Entre Jésus et moi, il n’y a pas d’intermédiaire, si ce n’est Pierre qui a connu Jésus, et Marc qui l’a rédigé et traduit en grec. C’est infiniment plus fiable que n’importe quelle information radiotélévisée. parce que le nombre d’intermédiaires est moindre. »
Les manuscrits de la mer Morte retracent minutieusement les concepts, les coutumes, la langue des évangiles. On sait que les textes de Qumran datent tous d’avant l’année 70. Qumran et les évangiles sont donc contemporains. Certaines expressions de l’Évangile se retrouvent à Qumran, par exemple, l’expression  « les pauvres en esprit » ou « les hommes de bonne volonté (on sait depuis Qumrân qu’il faut comprendre cette expression dans le sens de « hommes objets de la faveur divine »). Il s’agit là de ce qu’on appelle des « sémitismes », expression typique de l’hébreu du premier siècle, qui nous est connue grâce à Qumran et qui ont été traduits mot à mot en grec. Le nombre impressionnant de sémitismes propres à l’hébreu du premier siècle dans les évangiles, prouve que le Nouveau Testament reflète bien l’univers linguistique de cette période et de nulle autre.
Nous savons, en outre, depuis les découvertes de Qumrân, que la Bible de Jésus et de l’église primitive était notre Ancien Testament rigoureusement identique à celui qui nous est parvenu par les documents du Moyen Âge. En 1000 ans, le texte biblique n’a pas varié, extraordinaire preuve de sa fiabilité. D’ailleurs ceux qui ont prétendu que les textes du Nouveau Testament étaient récents, l’ont fait parce qu’ils avaient besoin de temps pour expliquer les transformations théologiques qu’ils imaginaient. Ils partaient d’un a priori : les écrits du Nouveau Testament avaient été rédigés longtemps après les événements. C’était une pétition de principe sans aucune valeur scientifique : « Je mets au défi quiconque, de me démontrer que Matthieu a été écrit en 80. En général le seul argument avancé est : c’est ce qu’affirme un tel… ! » écrit Jean Carmignac. 
Un fragment de l’Évangile de Marc redécouvert à Qumrân date des années 50 de notre ère.
En 1972, la papyrologue José O. Callaghan suggéra que certains fragments découverts dans la grotte de Qumran pourraient être le texte de Marc chapitre 6:52-53. Ce serait alors la plus ancienne trace du Nouveau Testament.
Ce fragment est écrit dans un style d’écriture qui a disparu en 50 après Jésus-Christ.

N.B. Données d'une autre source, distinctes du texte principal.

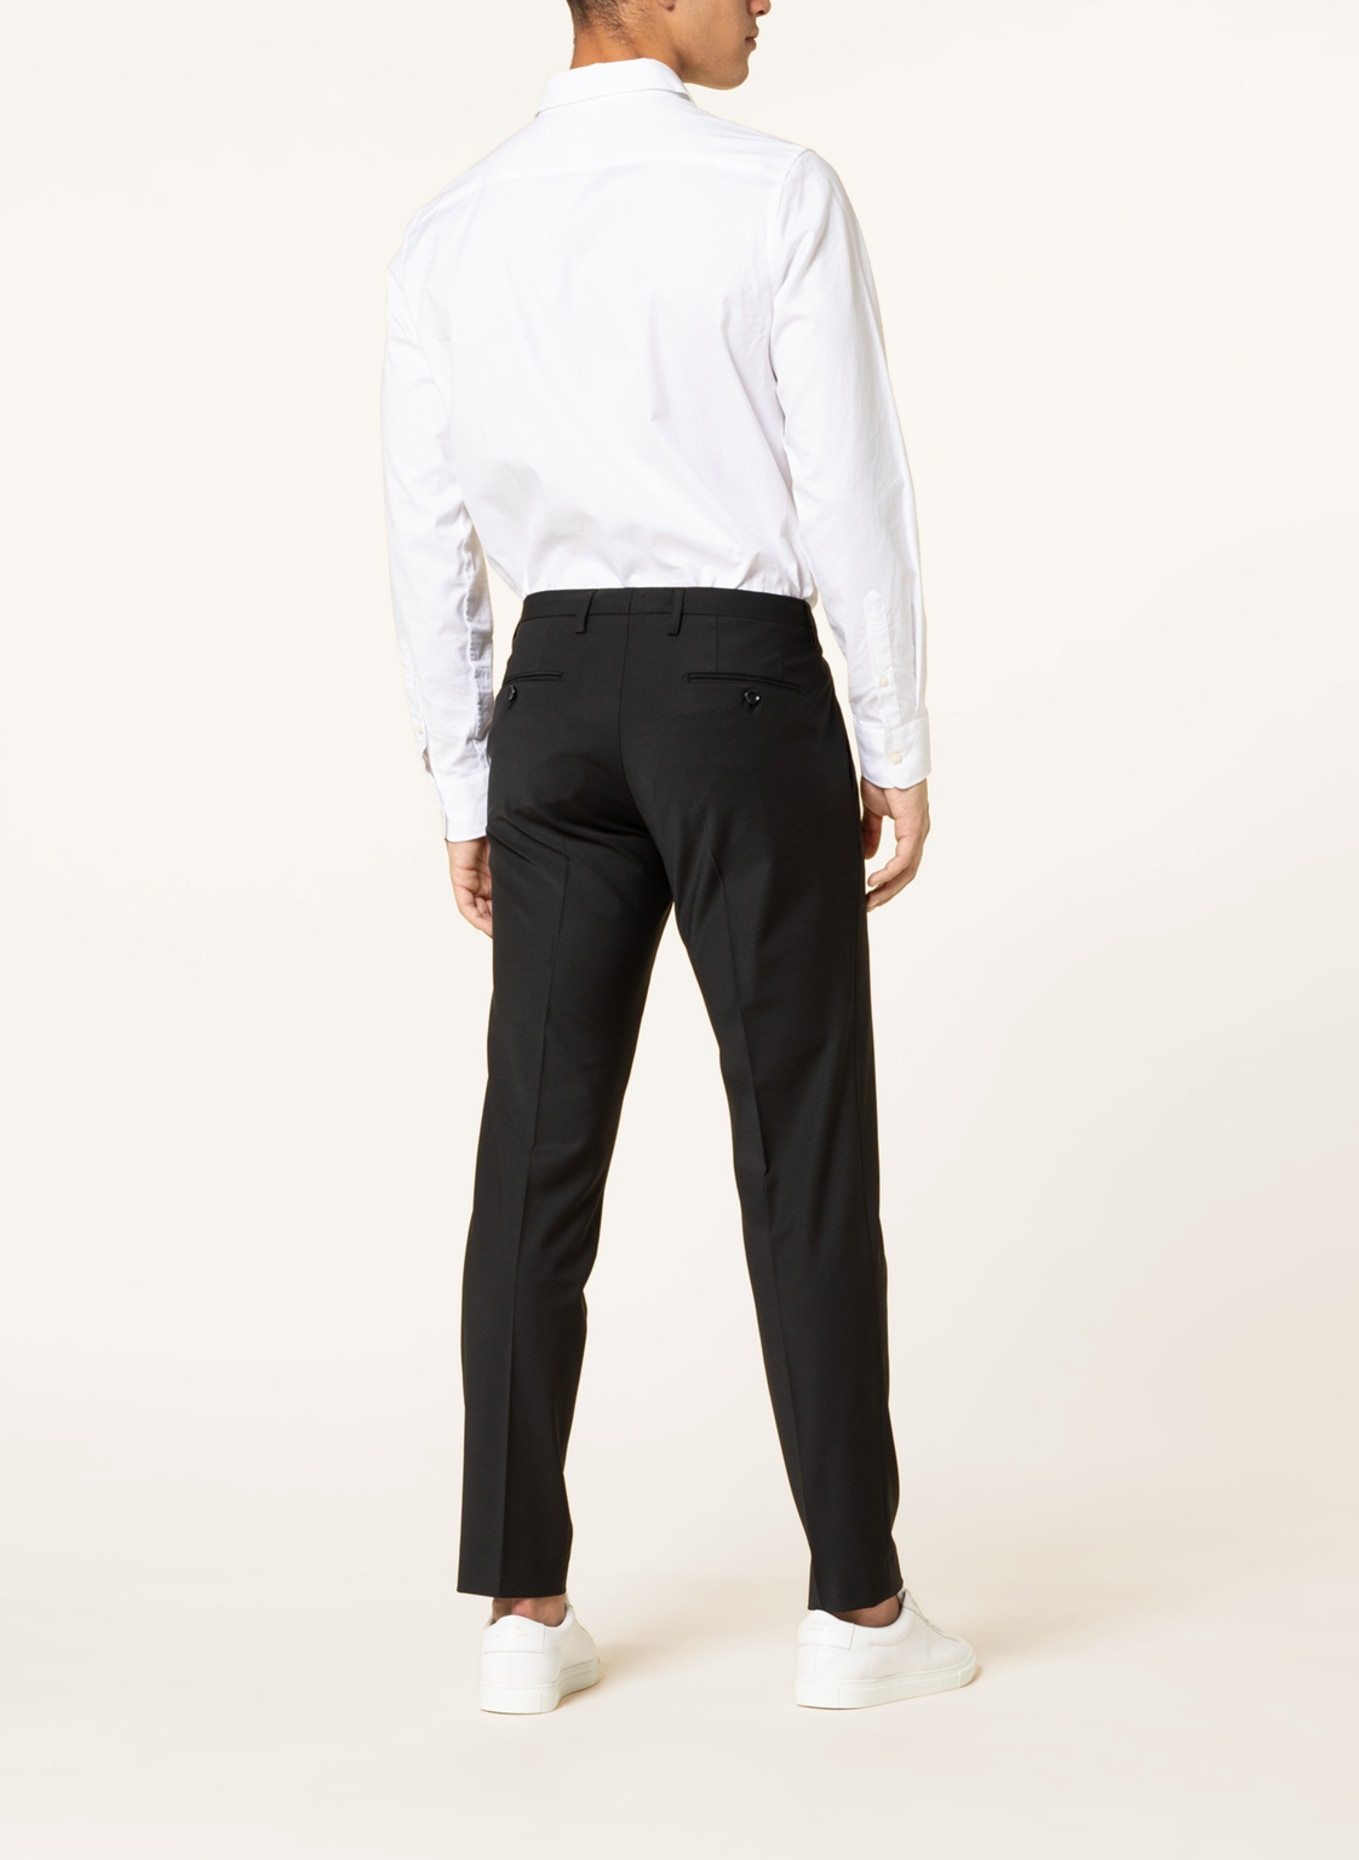 CINQUE Suit trousers CICASTELLO super slim fit, Color: 99 (Image 4)

Dans la même grotte, il y avait d’autres fragments du Nouveau Testament, par exemple Jean 1:23-24 ; 1 Timothée 3:16 ; Actes 27:38 ; Marc 12:17 ; Romains 5:1-2 ; 2 Pierre 1:15.
Selon le spécialiste israélien des documents de Qumrân, Emmanuel Tov, il pourrait s’agir de documents importés de Rome, où était, pense-t-il, édité l’Évangile de Marc pour le compte de l’église de la capitale de l’empire, et dont l’église de Jérusalem aurait demandé des copies qu’elle aurait cachées avant la chute de la ville en 70.
Le 12 août 1992, le département des recherches criminelles de la police israélienne examina le fragment. Il conclut à son authenticité et au fait qu’il n’avait pas été retouché depuis sa découverte par les Romains au premier siècle – ainsi que l’affirmait Immanuel Tov-dans la grotte où les archéologues le retrouvèrent des siècles plus tard.

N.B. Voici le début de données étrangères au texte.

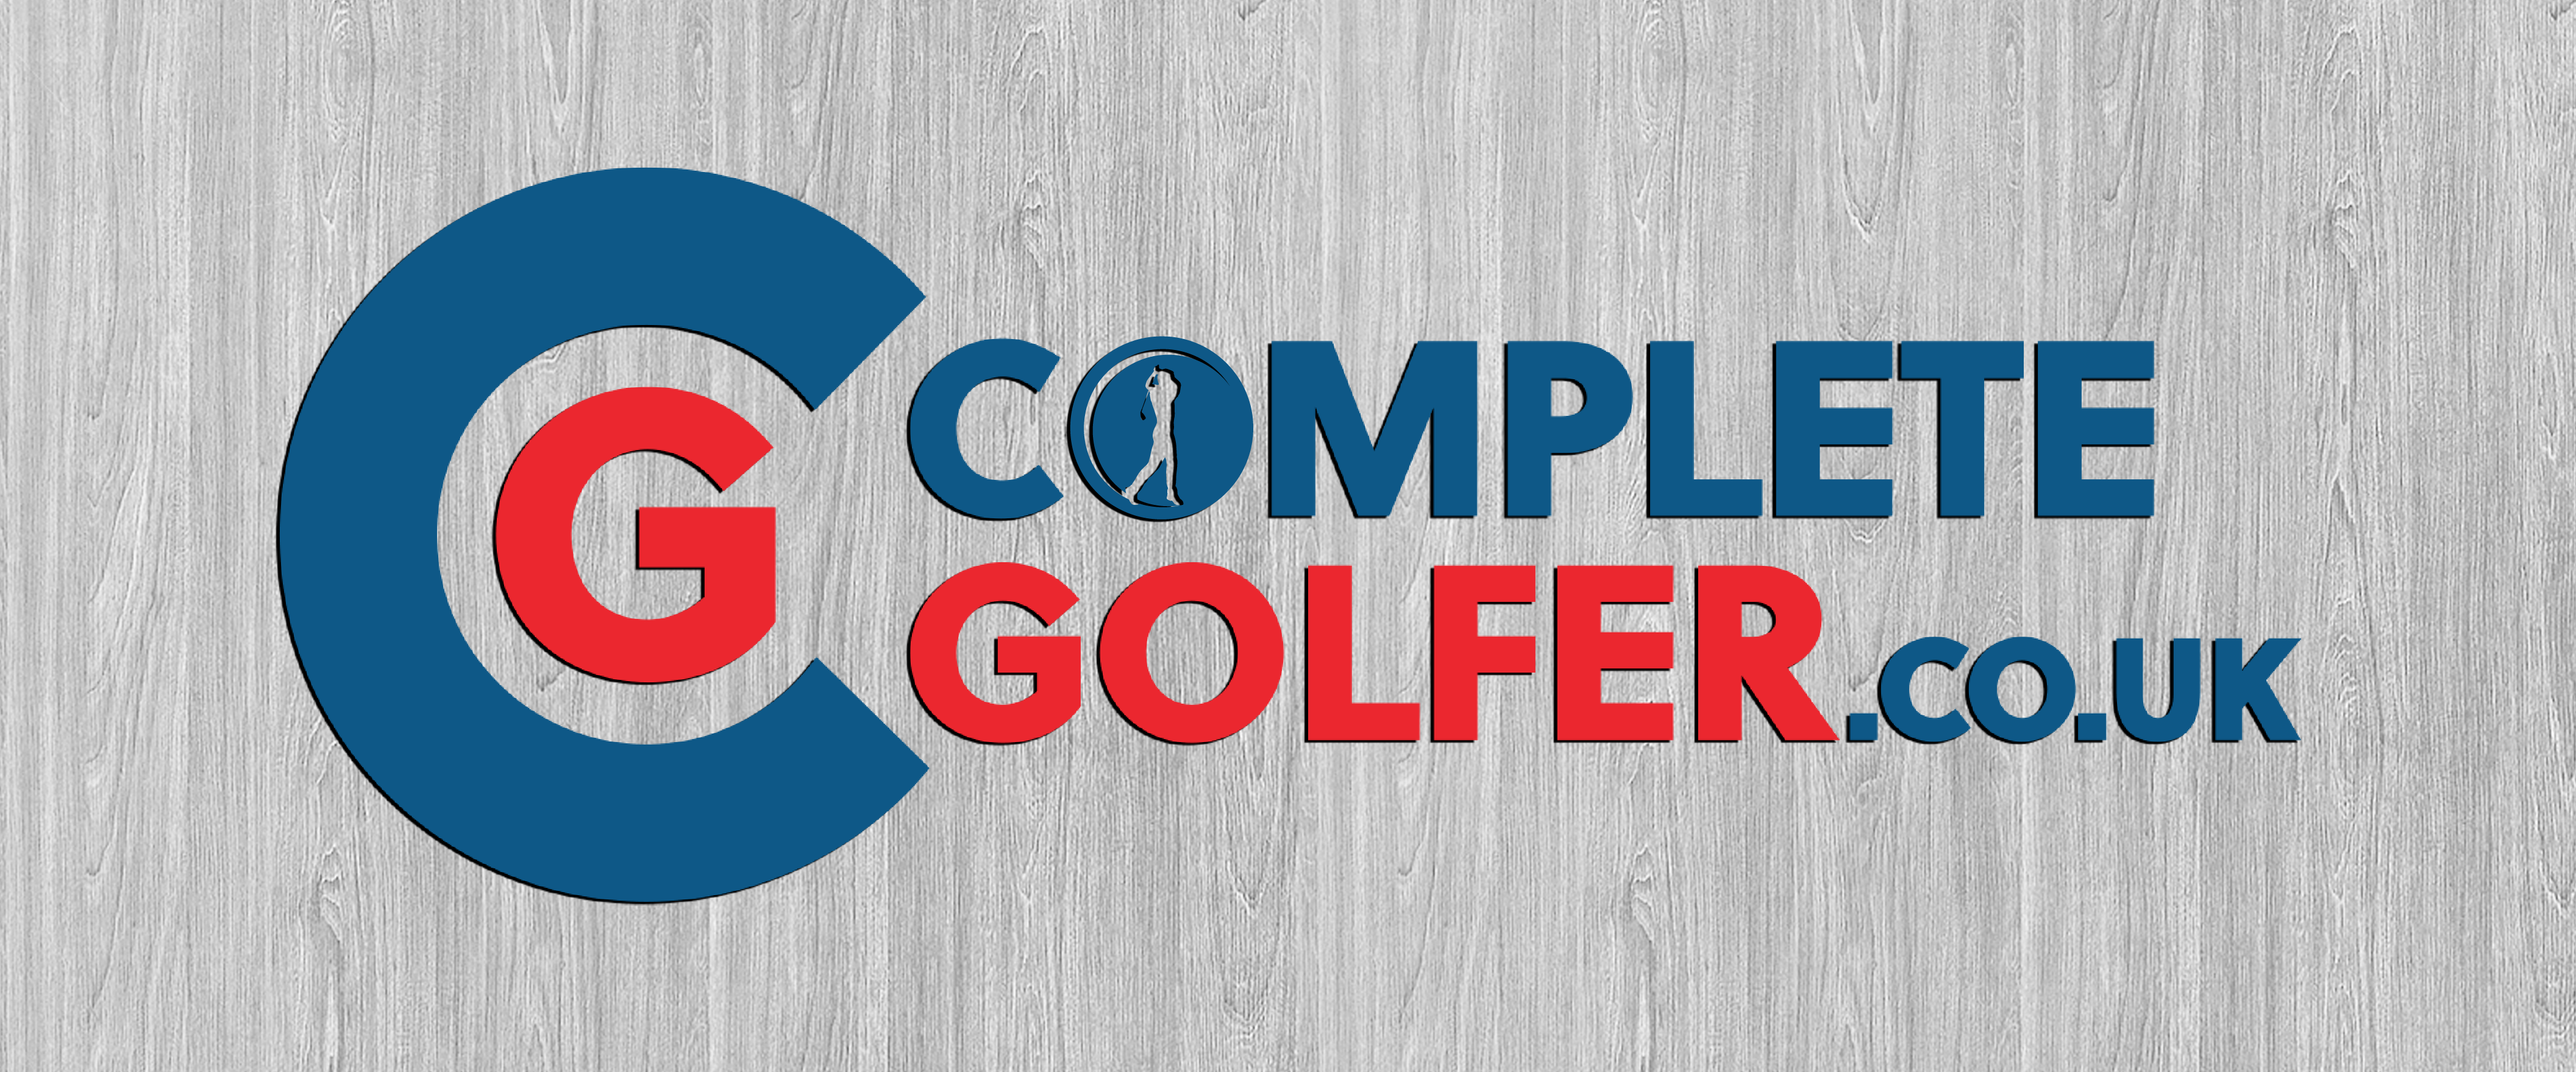 Complete Golfer Golf Shop

Le problème des trois premiers Évangiles

Les trois premiers évangiles ont entre eux tant de ressemblances et de divergences que se pose ce qu’on nomme le « problème synoptique ». Les savants modernes comme l’abbé Jean de Carmignac, Claude Tresmonstant et David Flusser et d’autres ont proposé d’expliquer ces divergences de différentes manières. 
Marc, le plus ancien Évangile, a été, disent-ils, complété par Matthieu qui y a ajouté des documents contenant des paraboles, des apparitions de Jésus ressuscité que Marc n’aurait pas connus. Ces divergences s’expliqueraient par le fait que chaque Évangile s’adresserait à un public donné. Ainsi Marc a donné des détails qui semblaient peu importants à ses lecteurs, tout en redisposant le matériel pour l’organiser autour de cinq grands discours de Jésus, semblables aux cinq livres de la Torah de Moise, montrant ainsi que Jésus est le prophète plus grand que Moise que ce dernier avait annoncé.
Quant à Luc, qui écrivait pour des lecteurs non juifs, il a omis ce qui leur aurait été incompréhensible, telles les controverses avec les Pharisiens sur les lois de purification (Marc 7:5-9 ; Marc 5:1-20).
Souvent bien loin de se contredire, les apparentes contradictions se complètent : dans les rares cas où il n’en est pas ainsi, il nous faut admettre qu’il nous manque encore des données, ces rares cas sont de toute manière trop peu nombreux pour remettre en question la doctrine de l’inspiration de l’Écriture.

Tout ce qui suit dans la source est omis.